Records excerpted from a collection
************

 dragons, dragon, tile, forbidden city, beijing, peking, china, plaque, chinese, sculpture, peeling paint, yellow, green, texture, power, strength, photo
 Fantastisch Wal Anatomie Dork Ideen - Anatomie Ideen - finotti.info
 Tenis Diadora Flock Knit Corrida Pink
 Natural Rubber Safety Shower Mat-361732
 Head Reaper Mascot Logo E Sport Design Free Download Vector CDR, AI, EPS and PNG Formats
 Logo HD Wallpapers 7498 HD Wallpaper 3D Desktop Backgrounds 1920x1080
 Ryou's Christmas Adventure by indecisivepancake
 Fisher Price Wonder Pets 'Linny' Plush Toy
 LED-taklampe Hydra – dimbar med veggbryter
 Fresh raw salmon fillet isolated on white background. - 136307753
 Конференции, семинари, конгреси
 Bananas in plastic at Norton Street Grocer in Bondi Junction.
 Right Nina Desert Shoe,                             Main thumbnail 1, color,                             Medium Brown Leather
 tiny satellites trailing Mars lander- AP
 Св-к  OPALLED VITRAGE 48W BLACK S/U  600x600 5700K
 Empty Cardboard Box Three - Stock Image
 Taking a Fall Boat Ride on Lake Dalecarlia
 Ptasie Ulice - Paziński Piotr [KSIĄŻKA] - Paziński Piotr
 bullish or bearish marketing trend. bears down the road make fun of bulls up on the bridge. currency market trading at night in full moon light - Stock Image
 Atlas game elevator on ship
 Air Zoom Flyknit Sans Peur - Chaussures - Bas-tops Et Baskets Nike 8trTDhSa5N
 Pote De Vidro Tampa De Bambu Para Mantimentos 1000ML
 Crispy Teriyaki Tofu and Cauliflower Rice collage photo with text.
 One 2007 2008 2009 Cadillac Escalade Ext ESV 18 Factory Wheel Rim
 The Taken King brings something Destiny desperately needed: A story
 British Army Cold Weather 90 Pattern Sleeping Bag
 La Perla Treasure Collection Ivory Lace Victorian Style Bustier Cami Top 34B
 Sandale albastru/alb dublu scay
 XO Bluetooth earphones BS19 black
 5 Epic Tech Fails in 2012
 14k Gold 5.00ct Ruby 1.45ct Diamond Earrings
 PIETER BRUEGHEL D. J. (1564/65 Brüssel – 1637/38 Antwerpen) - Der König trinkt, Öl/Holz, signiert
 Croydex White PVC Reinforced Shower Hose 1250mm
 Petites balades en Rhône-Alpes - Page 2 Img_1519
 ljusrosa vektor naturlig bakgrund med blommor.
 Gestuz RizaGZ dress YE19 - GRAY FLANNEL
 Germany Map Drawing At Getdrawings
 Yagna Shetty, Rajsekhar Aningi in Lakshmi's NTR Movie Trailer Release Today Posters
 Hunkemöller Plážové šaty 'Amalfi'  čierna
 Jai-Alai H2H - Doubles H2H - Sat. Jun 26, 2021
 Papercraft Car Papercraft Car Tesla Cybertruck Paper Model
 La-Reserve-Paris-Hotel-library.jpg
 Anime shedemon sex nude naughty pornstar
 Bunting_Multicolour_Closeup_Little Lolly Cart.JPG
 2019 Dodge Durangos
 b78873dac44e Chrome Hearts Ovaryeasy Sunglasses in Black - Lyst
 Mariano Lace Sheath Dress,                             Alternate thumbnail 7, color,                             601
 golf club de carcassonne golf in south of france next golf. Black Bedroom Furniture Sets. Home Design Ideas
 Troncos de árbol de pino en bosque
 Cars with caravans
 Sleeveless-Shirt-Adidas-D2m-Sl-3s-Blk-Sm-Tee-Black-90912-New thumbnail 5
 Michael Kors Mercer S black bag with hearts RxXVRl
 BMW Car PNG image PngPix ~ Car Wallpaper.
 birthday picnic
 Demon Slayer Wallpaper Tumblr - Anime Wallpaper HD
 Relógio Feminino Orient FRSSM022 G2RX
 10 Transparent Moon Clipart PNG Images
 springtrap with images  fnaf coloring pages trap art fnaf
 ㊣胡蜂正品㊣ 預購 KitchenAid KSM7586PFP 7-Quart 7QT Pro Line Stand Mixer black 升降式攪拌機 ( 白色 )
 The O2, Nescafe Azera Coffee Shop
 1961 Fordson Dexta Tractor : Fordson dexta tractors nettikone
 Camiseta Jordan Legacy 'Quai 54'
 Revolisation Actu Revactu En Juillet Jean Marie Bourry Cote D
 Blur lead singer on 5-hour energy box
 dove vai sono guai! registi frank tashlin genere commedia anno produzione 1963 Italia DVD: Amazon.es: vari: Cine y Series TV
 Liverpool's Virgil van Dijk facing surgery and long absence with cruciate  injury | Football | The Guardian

************

• Required action: If a line comes after the one containing "Head Reaper Mascot", leave it out; set down every line of the data before it, and that line itself, exactly.

• Written solution:
 dragons, dragon, tile, forbidden city, beijing, peking, china, plaque, chinese, sculpture, peeling paint, yellow, green, texture, power, strength, photo
 Fantastisch Wal Anatomie Dork Ideen - Anatomie Ideen - finotti.info
 Tenis Diadora Flock Knit Corrida Pink
 Natural Rubber Safety Shower Mat-361732
 Head Reaper Mascot Logo E Sport Design Free Download Vector CDR, AI, EPS and PNG Formats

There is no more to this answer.